Reply 140 of 236, by jmarsh
clb wrote on 2024-11-27, 21:26:One way that I thought to mitigate this problem might be for the PALTSR interrupt to use a heuristic : when the update interrupt it reads the currently active palette write index from 3C8h, it would compare it to what the active palette write index at the start of the previous interrupt run would be. If the previously active palette write index is different than the current one, the idea is to think "maybe we're right in the middle of an update", and the interrupt would skip mirroring the palette to CRTT. I.e. only when the palette index is seen to be identical twice in a row, the palette is mirrored to CRTT.

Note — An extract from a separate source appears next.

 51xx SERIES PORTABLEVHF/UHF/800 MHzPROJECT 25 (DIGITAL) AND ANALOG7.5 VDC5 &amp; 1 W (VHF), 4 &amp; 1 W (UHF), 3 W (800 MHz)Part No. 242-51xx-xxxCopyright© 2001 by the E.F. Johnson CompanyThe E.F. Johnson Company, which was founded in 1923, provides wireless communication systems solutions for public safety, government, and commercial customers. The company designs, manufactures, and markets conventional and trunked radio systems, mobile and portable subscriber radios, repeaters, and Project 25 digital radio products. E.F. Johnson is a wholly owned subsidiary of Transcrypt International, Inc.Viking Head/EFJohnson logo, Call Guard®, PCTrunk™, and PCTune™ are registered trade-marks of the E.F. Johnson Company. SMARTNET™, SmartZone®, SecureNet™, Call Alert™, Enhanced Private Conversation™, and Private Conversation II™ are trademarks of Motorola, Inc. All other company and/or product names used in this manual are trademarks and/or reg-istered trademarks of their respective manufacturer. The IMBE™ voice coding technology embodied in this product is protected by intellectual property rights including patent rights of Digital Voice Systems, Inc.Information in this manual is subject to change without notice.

I was thinking of something slightly different for the beginning of the TSR's update loop:
- read 0x3C8
- write a dummy value to 0x3C9
- read 0x3C8 again, if the index has incremented we know the app was about to write a "B" value. At the end of the update loop we need to restore the write index and write the previous red and green values.
- else write another dummy value to 0x3C9, again check if 0x3C8 has changed. If so then the app was about to write a "G" value, do the same as above but only write the red value.

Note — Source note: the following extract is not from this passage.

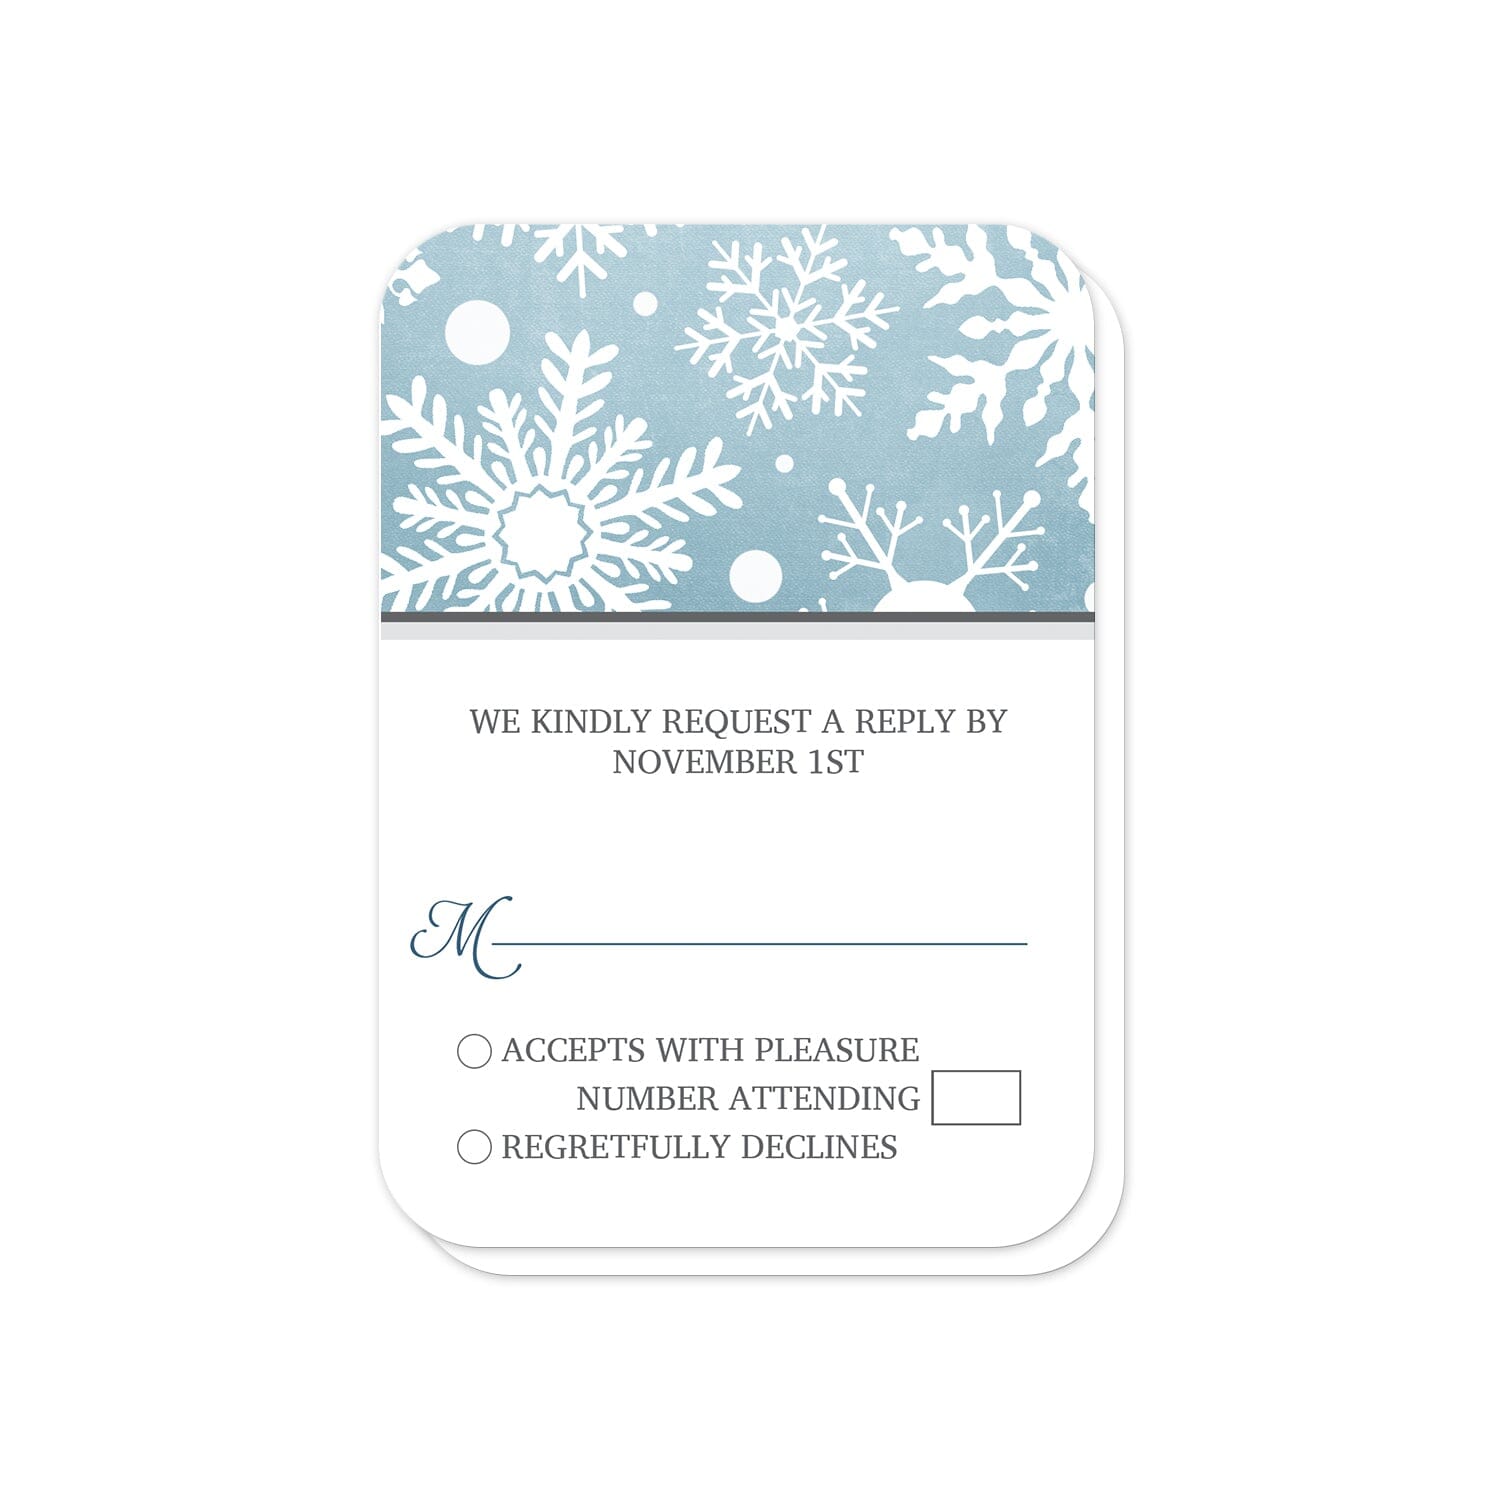 Winter Snowflake Blue with Gray RSVP Cards (with rounded corners) at Artistically Invited.

Obviously this depends on the hardware only updating palette entries when all 3 values have been written / discarding the dummy values, otherwise it would modify existing palette data.
Another option would be skipping the TSR's update loop if vsync is active, since most games will only do palette updates during that time. So the CRTT might see updates a little bit later but the risk of corruption would be less.